Trent’s face was alight, and I nodded at his unspoken question. Yep, I had it. It was doing flip-flops in my soul, and I didn’t want to think about what might happen if I accidentally let go of the bubble and the imbalance became a part of me, but I had it. It sort of hurt.

"Your line sounds better already," Bis said, his hand still in mine. "Do you remember what Newt’s line sounds like without the imbalance?"

I bobbed my head, afraid to move. "Tune my aura to it?"

"No!" Bis shouted, startling me as his wings half opened. And then softer, almost sheepishly, he said, "Not your aura, just the bubble around the imbalance."

I fidgeted, embarrassed that Trent had seen the near miss. "Should I think about Newt?"

Bis’s red eyes widened. "I don’t think so."

"I wouldn’t," Jenks said sourly. "Rachel, will you just dump that imbalance and get on with it? Your aura looks really creepy holding a chunk of Newt’s."

Trent was nodding his agreement, so I closed my eyes to better focus on the bubble of imbalance trapped in my mind’s eye. It was coated with my cheerful gold aura and a thin layer of demon smut, and I needed to shift it to . . . silvery gray red. Licking my lips, I screwed my face up as I tried to imagine silver pinpricks blossoming on my gold sphere, growing to encompass everything.

"Tune it higher," Bis whimpered, clearly in pain.

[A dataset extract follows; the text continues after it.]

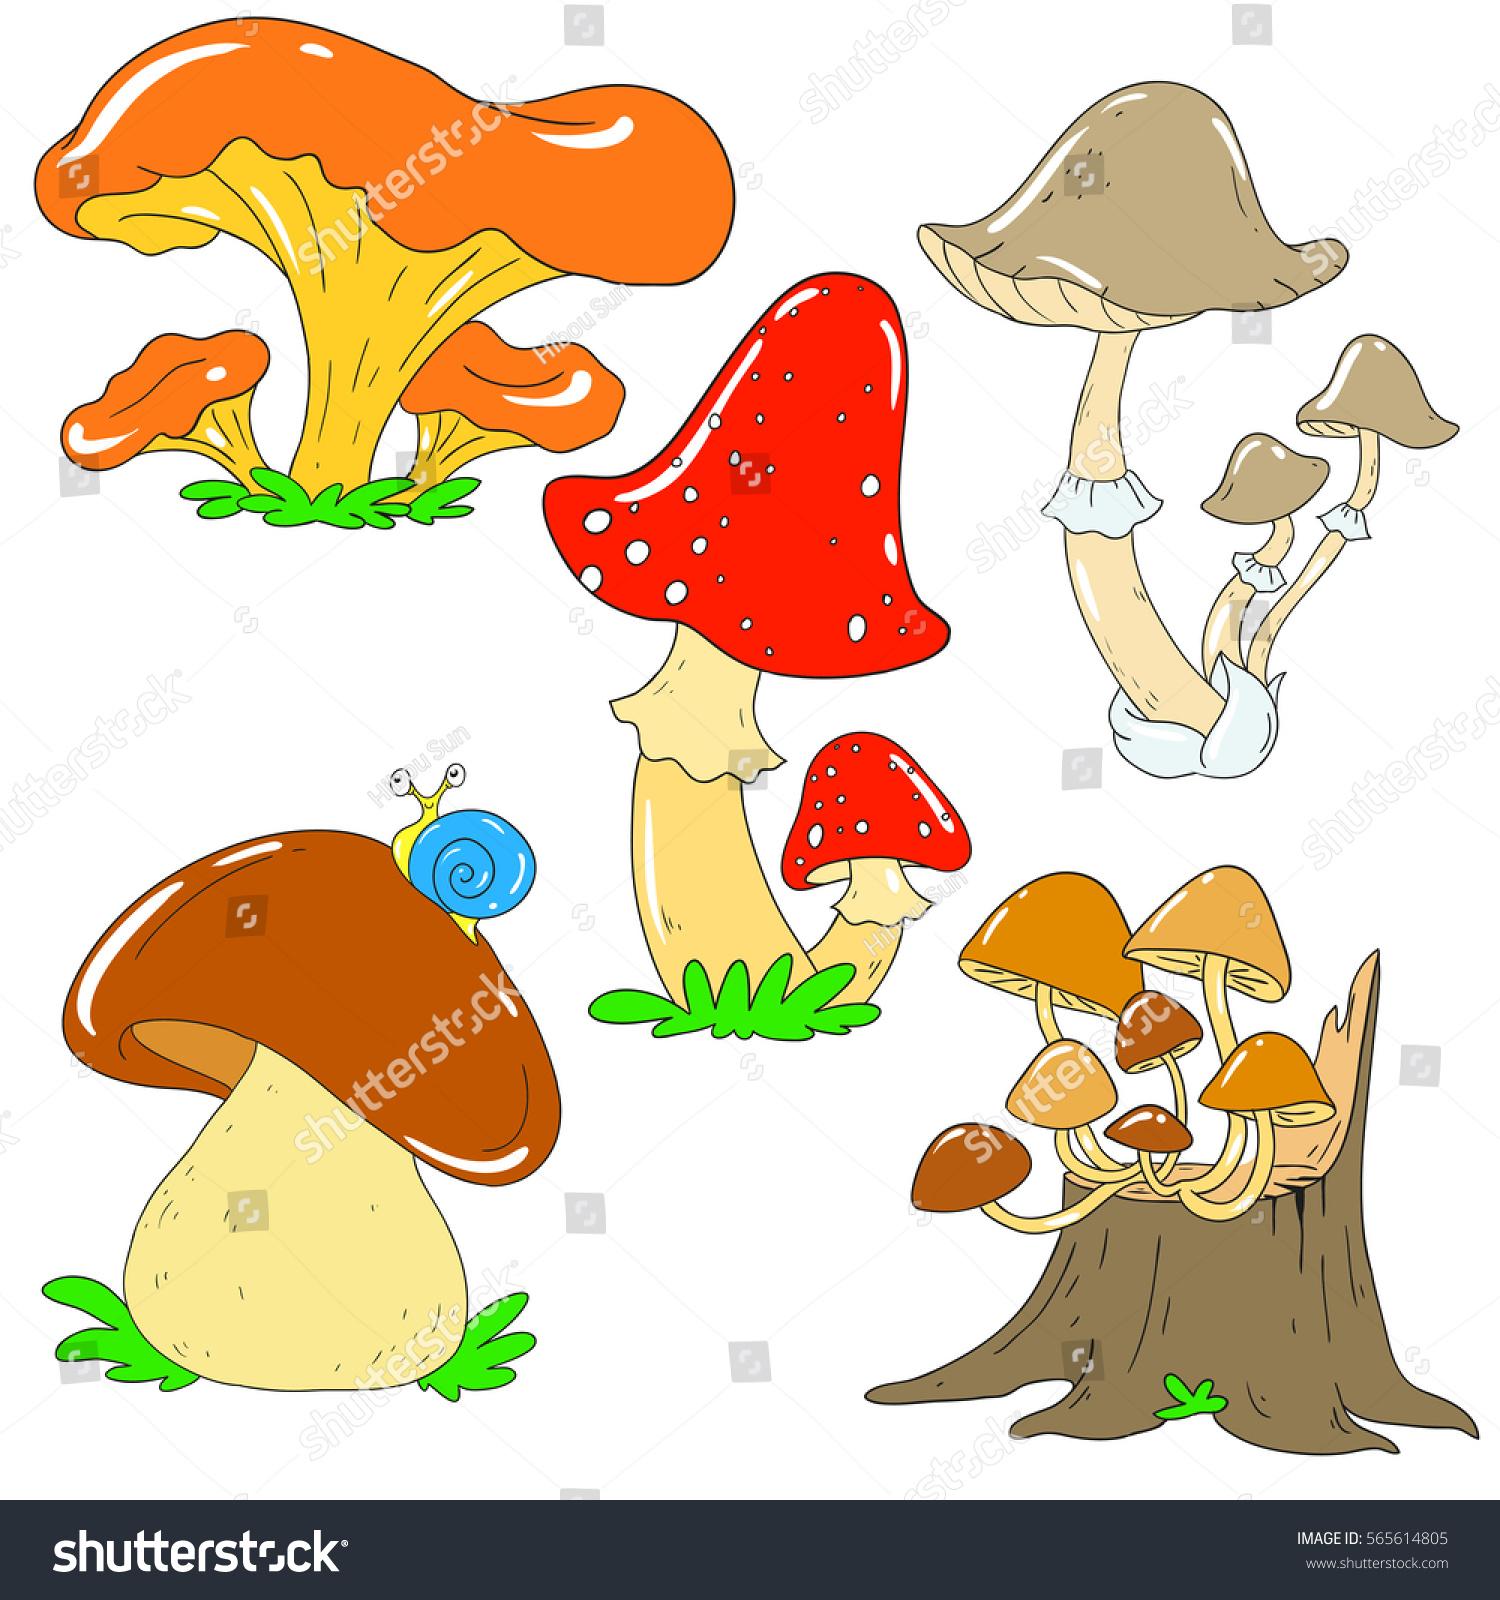 Collection of forest mushrooms. Chanterelle mushroom toadstool white fungus. Mycelium Vector  sc 1 st  Shutterstock & Collection Forest Mushrooms Chanterelle Mushroom Toadstool Stock ... islam-shia.org

"I’m trying!" I said, tightening my focus. My breath sucked in as the bubble flashed silver, overfocusing to a solid black. With a curious sideways shuffle, I pulled it back to silver, imagining a shading of a pure tinge of red lined with gray. For one breathless moment I held it, feeling my entire soul chime with the sound of silver light . . . And then it was . . . gone. There was a faint tug, and then even that severed, my awareness snapping back with a twang.

"Rachel?"

My eyes flew open at Trent’s call. He’d felt it. I thought he might. Heart pounding, I looked at Bis in the lamplight, Trent standing behind him with Jenks on his shoulder. The gargoyle looked as shocked as me. "Holy crap!" I shouted, my voice echoing back from the trees. "Did we-"

"You did!" the small gargoyle exclaimed, and I ducked as he made one push with his wings and was through my circle and airborne, flying loops with the bats and yelling in delight.

I beamed at Trent. We had done it. And if we had done it once, we could do it again and again until the line was fixed!

"You did it, Rachel!" Bis said, startling me as he skidded to a landing on the gravel path, peppering my circle with kicked-up stones. His wings were spread and his eyes wild. "You did it! Look at that line! It sounds better already!"

"We all did it," I said as I dropped the circle to put a hand on his shoulder. The glory of the lines flooded me, and yes, once I got past the discord, I could tell there was the faintest lessening of the leak. Relief filled me, and I swear, I almost cried.